Колю сейчас никто не перебивал, он имел полную возможность наконец-то высказаться сполна. Но говорить Коле, оказывается, было нечего. Он-то считал: вечно его с панталыку сбивают! Он-то корил себя: вечно ты, старый отопыш, под чужой сапог попадаешь! Но вот же не топтали его, смотрели на него всей избой с надеждой, вот же ждали какого-то путного мужского слова. Говори, старый! Яви мужское дельное слово! А оно не являлось. В дымном табачном сознании Коли проходили лишь какие-то смутные видения; заволакивало все сизой пеленой, припорашивало пеплом. Он не мог, как ни бился, выбраться из потемок. Прошел по его долгой жизни какой-то сплошной пал, все попалил, пожег, оставил лишь беспросветную хмарь. Ясно различались ряды оседланных лошадей, различалась черная широкая степь, выступали из потемок чьи-то усы вразлет, чьи-то вздетые к небу, как персты, гневные сабли, а больше — ничего-ничегошеньки… Все сметено житейским огнем, все прахом пошло. Ни лиц знакомых, ни слов приветных. Даже это свое: «Кавалерия-шрапнелия…» — даже оно чужим эхом отдавалось в душе. Коля вроде еще жил, но вроде уже и не жил. И стало ему жалко земли, которую топтал бессчетное число лет. И он, придя к такой простой мысли, опять хлопнул себя по штанам:
— А помирать пора. Право дело.
Никто ему не возразил на это, только Венька, недавно выскакивавший из тепла на двор, поежился и заметил:
— Не, дедо, земля застылая. Ты погоди до весны. Не выкопать могилу-то.
Коля, видимо, понял, как это худо — копать по мерзлоте могилу. Да и кому копать? Ребятье да бабье.
— А и погожу, — решил он уступчиво. — Чего вам по мерзлоте мыкаться со мной. Как не погодить!
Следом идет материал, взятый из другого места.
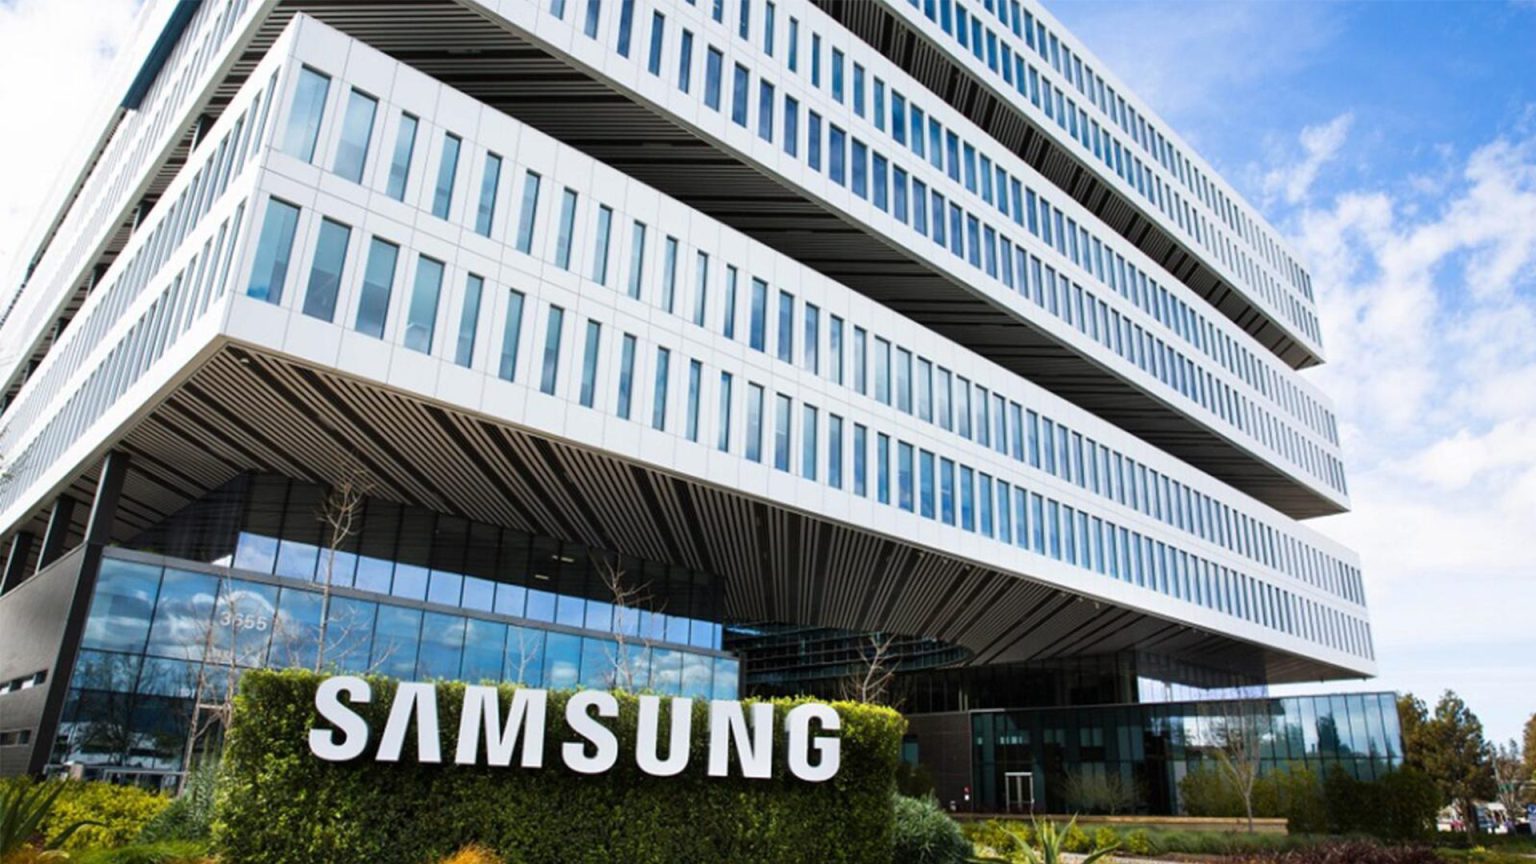 Fabrica Samsung - Portada

Кавалерия, едрит ее, не поена, опять же Серко, опять же Рыжко…
Он залопошился на табуретке, заподдергивал штаны и долго ли, коротко ли встал, потрясся к порогу, перечисляя поименно всю свою кавалерию.
Но едва успела за ним дверь закрыться, как новый мужик на пороге: Митя Марьяшин.
— Здрасте, — сказал он, сбрасывая с правого плеча тяжелый куль и опуская с левого куль легкий, бесшумный и доставая после всего этого заткнутую тряпкой бутылку.
— Здравствуй, озноба, — подошла и потерла ему Домна посиневший нос. — Откуда с мешками такими?
— Алексеиха прислала. Говорит, отнеси. Говорит, пускай больно-то не кричат, не разоряются.
Оставив мешки и бутылку у порога, Митя повернулся и, не входя в дальнейшие объяснения, косолапо, мужиковато вышел.
Домна могла бы и не нюхать бутылку: молоко, оно молоко и есть. Могла бы и не развязывать большой куль: картошка картошкой и останется, не убежит. А вот в маленьком что такое воздушное?..
В меньшем мешке была сырая нераздерганная шерсть.
Она посидела в виноватом покорном раздумье, не зная, поругать ли еще Алексеиху и за этот подарок или заодно уже и похвалить. Но мысли ее перебила учительница. Только посадила было в печь неурочные вечерние пышки, как прискакала она верхом — будто рыжий вихорь ворвался во двор. Огневая грива у лошади, у самой огневые, откинутые поверх приспущенного платка волосы. Бестия, а не учительница! Домна привыкла вроде бы к виду этой скачущей бабы, а все-таки оторопь взяла: с чего это она так?..
— А вот так, — бросив у крыльца свою кобылку, с поклоном вошла Альбина Адамовна. — Пирогами пахнет? А я вам своих привезла. Не обижайся, что пироги на пироги.
— Какая по нынешнем временам обида. Проходи да садись, Альбина. Ученик вот твой за прялкой, полюбуйся.
— Налюбовалась я на уроках. Дайте на вас посмотреть.